Not recognizing the exactness achieved after applying IF.

Clearing these misconceptions through stepwise NCERT Solutions explanations enhances problem-solving accuracy and conceptual clarity.

9. How should one verify if a solution to a differential equation is correct as per NCERT methodologies?

To verify your solution:

Substitute the obtained solution back into the original differential equation.
For particular solutions, ensure initial or boundary conditions are satisfied.
Compare your process and answer with expert-verified NCERT Solutions to ensure every critical step is addressed.

This confirms accuracy and builds confidence for CBSE board assessments.

10. What makes the NCERT Solutions for Class 12 Maths Chapter 9 Exercise 9.5 unique compared to other resources?

These solutions are crafted by expert educators strictly following the CBSE 2025–26 syllabus, provide detailed, structured, and stepwise methods, and are periodically updated for accuracy. Explanations match marking schemes and common exam patterns, making them a reliable tool for exam preparation.

11. How does the type of differential equation affect the choice of solution method in NCERT Solutions?

The classification—whether the equation is linear, homogeneous, separable, or exact—determines the preferred solution method. Linear equations require integrating factor methods, while separable equations are solved by separating and integrating variables. Choosing the correct method is crucial for full marks in CBSE board and entrance exams.

12. Why is it recommended to practice every type of problem from Exercise 9.5 in Class 12 Maths?

Practicing every type of problem ensures:

Exposure to all exam-pattern variations.
Confidence in handling both general and particular solutions.
Reduction of mistakes in the actual CBSE and entrance exams.

This comprehensive practice strengthens both conceptual and procedural mastery.

13. How do initial or boundary conditions change the solution strategy for a differential equation?

When an initial or boundary condition is provided, the general solution’s arbitrary constant is substituted and solved for, yielding the particular solution. This aligns the solution to specific scenarios as required in both board and competitive exams, a process emphasized in NCERT Solutions.

14. What is the general form of a first-order, first-degree differential equation according to the NCERT Class 12 syllabus?

The general form is dy/dx + P(x)y = Q(x), where P(x) and Q(x) are functions of x.
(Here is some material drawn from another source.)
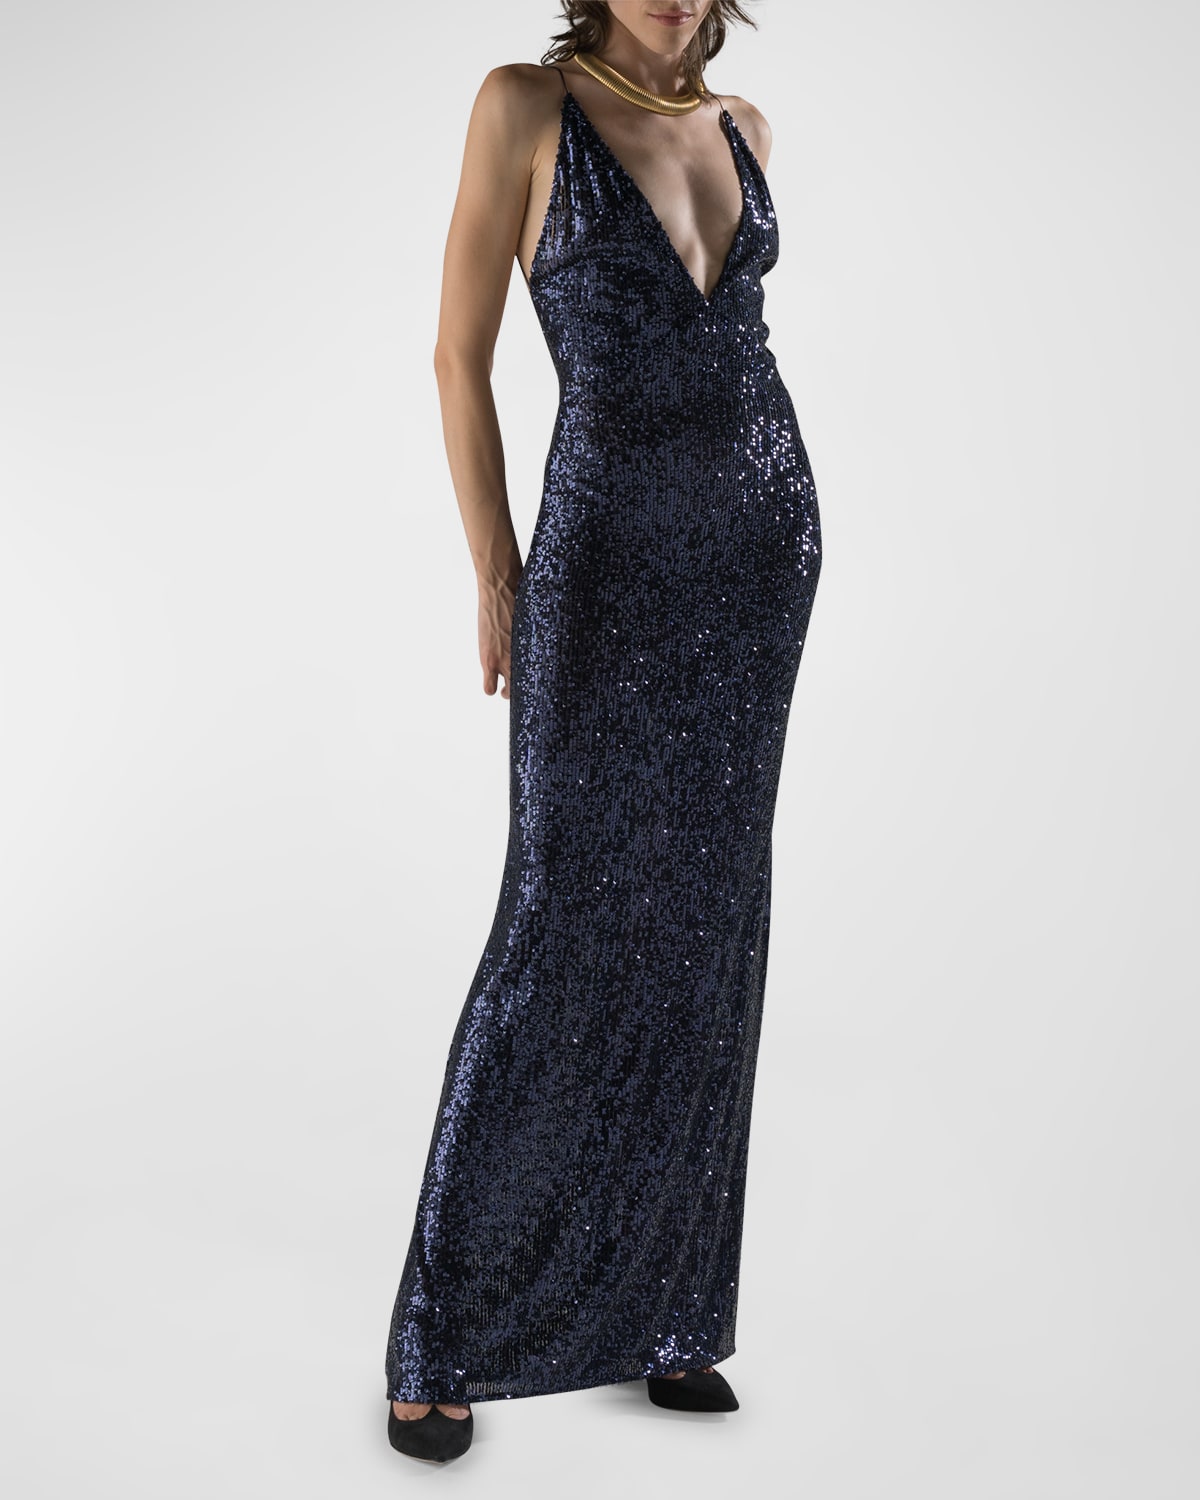 Megan Plunging Open-Back Sequin Gown

Recognizing this form helps in applying correct techniques such as integrating factors, as outlined in the chapter.

15. How can understanding the method of integrating factors help in solving real-world problems modeled by differential equations?

The method of integrating factors provides a systematic process for finding exact solutions to first-order linear equations, which frequently model real-life phenomena in physics, engineering, and biology. This NCERT Solutions methodology translates mathematical theory into practical applications, a critical exam and life skill.